Saturday, February 28, 2004

Kill Christ: Vol. 1.

I haven't yet seen The Passion of the Christ, Mel Gibson's blood-splattered interpretation/interpolation of the Gospels, but from the reviews I've read so far I doubt that I ever will. When I had first heard about the film, I must admit that I was very excited - a no-nonsense retelling of the betrayal, trial, and execution of Jesus, with dialogue in the original Aramaic and Latin, no less (why not Greek, though? Considering that Judea and the entire Near East had been thoroughly Hellenized over the three centuries before the Romans came, I would imagine that you'd be much more likely to hear Greek than Latin or even Aramaic on a daily basis, especially in the cities. Of course Mel - a conservative, pre-Vatican 2 Catholic - would want to have the Latin in there, even if it shouldn't be, but as it turns out this is the least of the movie's problems). What I guess I wasn't expecting was what the blogosphere has dubbed the Jesus Chainsaw Massacre, a kind of postmodern Passion play that is viscerally overpowering but virtually devoid of intellectual or spiritual substance, with some gratuitous Jew-baiting thrown in for good measure. "It's like the last ten minutes of Braveheart, only longer. And with Jesus!" Bravo, Mel.

That children are being taken to this movie in order to provide them with some kind of devotional experience - witness the 1400 parochial students from Long Island who lugged wooden crosses through the streets before seeing the film on Ash Wednesday - makes me hopping mad. It's a movie, folks, not a Holy Sacrament. If you want to have a direct experience of the Gospels, why not try reading the freaking Gospels? Don't pretend that a Hollywood blockbuster is an acceptable substitute for the owner's manual of your religion just because it's soaking in buckets of Jesus' (fake) blood and you're too lazy to read. Christianity at its best is literate and scholarly, unafraid to question even its most basic points of dogma in the search for a truth that is lasting and transcendent; at its worst, however, it is an undigested bolus of received superstition, authoritarian fiats, and logical contradictions that brooks no quarter for freethinkers or alternate points of view. The reactionary zeal that fuels The Passion and the conservatives it was made for comes straight from the black heart of that latter camp of Christ's so-called followers, the ones who would turn our nation into a theocratic state in order to save us from our wickedness. They're the ones who've decided to frame the post-9/11 world as a war of "Good" versus "Evil", as if gearing up for a final showdown with Antichrist himself at the Battle of Armageddon.

Maybe they're right - maybe it is time for a showdown.
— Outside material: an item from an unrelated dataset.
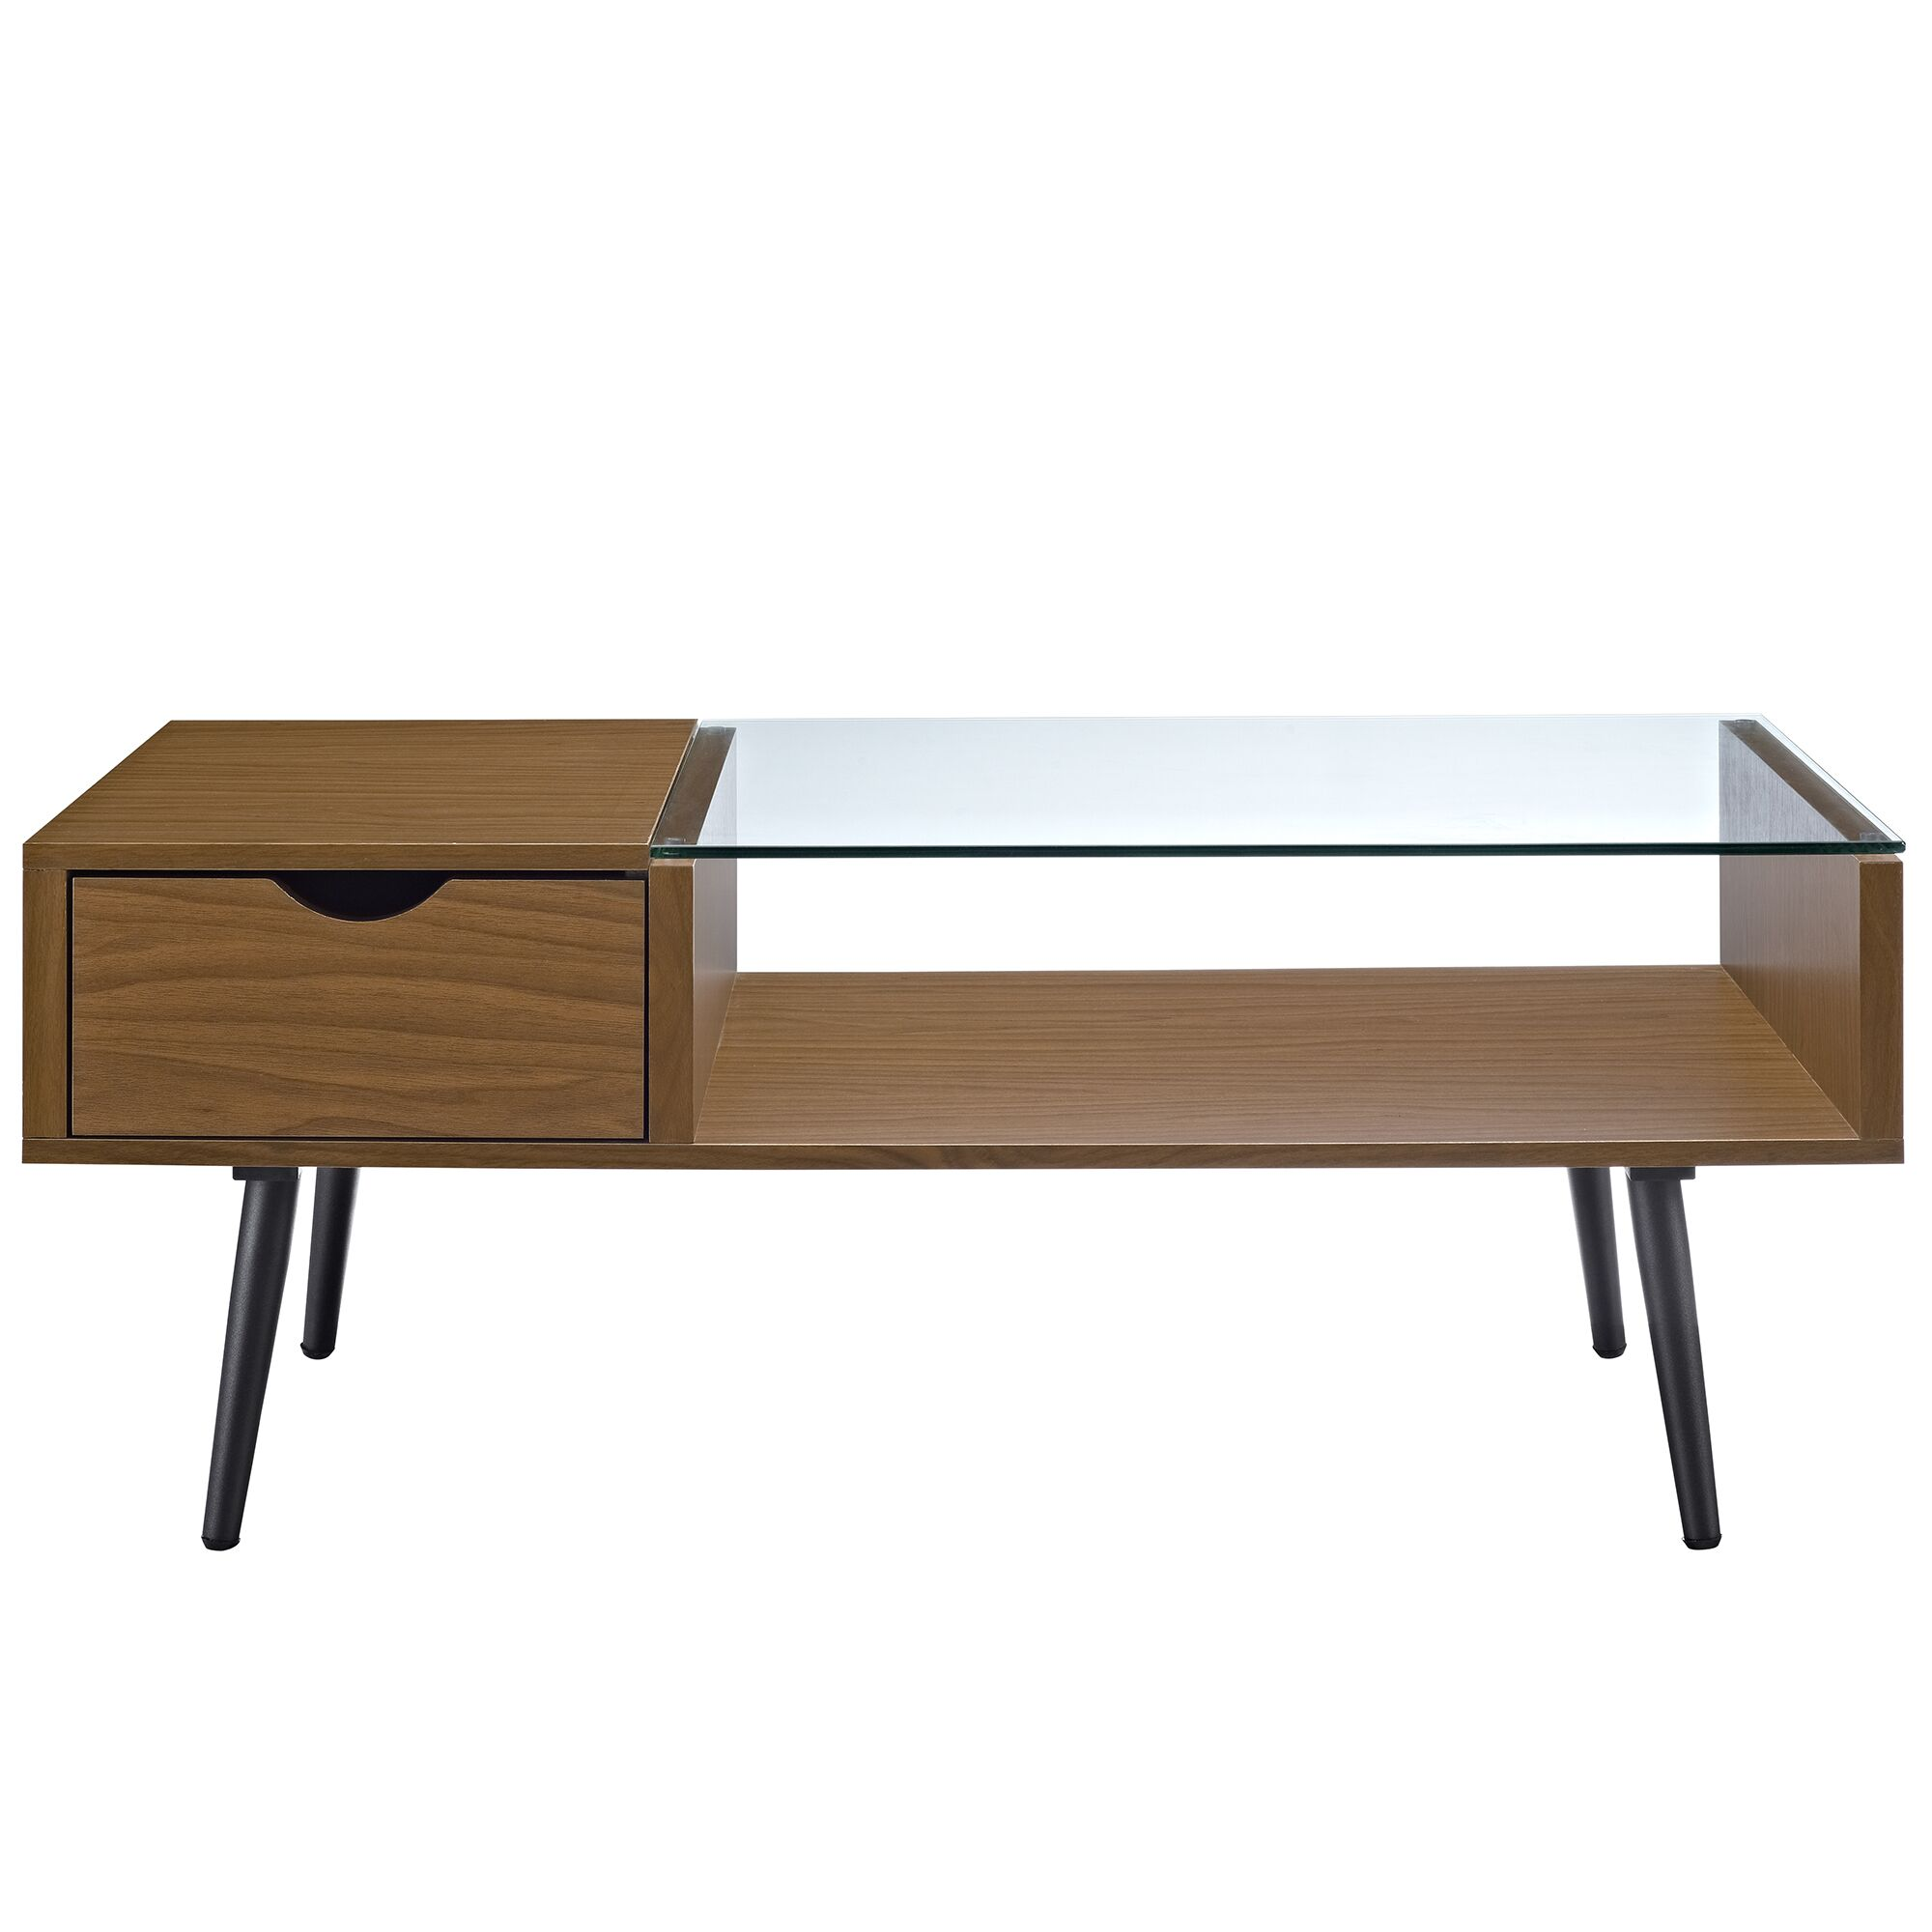 Cirillo Coffee Table Table Base Color: Acorn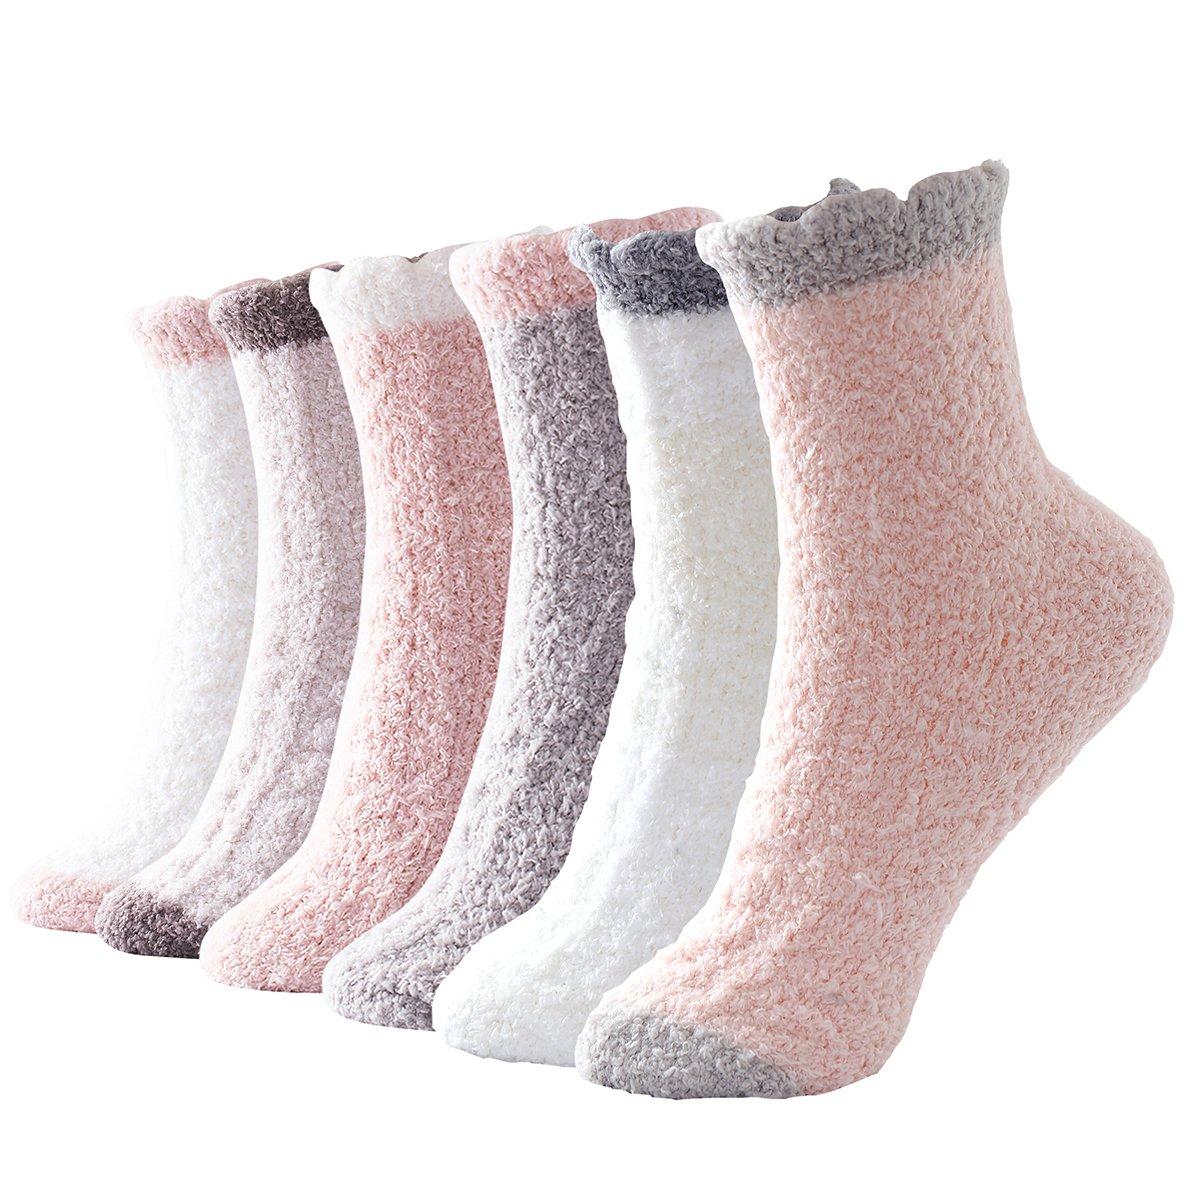 Beauttable Women Girls Premium Super Soft Toasty Plush Warm Fuzzy Microfiber Winter Socks Crew 6 Pairs (New Style Plain Color)

Only I would define "Good" as being freedom of speech, freedom of movement, freedom of choice, freedom of religion, freedom from any form of physical or mental tyranny as embodied by the Taliban-like movements of intolerance that now dominate the discourse of Judaism, Christianity, and Islam. "Good" are the mayors of San Francisco and New Palz, New York who have affirmed that civil rights - including the right to celebrate one's love in the public eye - are a more sacred institution than what fear and hate-mongering ideologues imagine marriage to be. "Good" is the struggle against barbarism, whether it appears in the mountainoius badlands between Afghanistan and Pakistan, or the lonely plains of Laramie, Wyoming. "Good" is the idea that justice is not merely the interest of the stronger, as that old Greek Thrasymachus averred, even if in fact it actually is (especially if it is, I say!). This is a "Good" that is worth fighting for. This is the "Good" I always imagined my country to be the embodiment of, until it was hijacked by fear and hatred three years ago. But you can't stay afraid forever, and in the long run love is much stronger a force in this world than hate.

Even Jesus knew that - the real one, not Braveheart.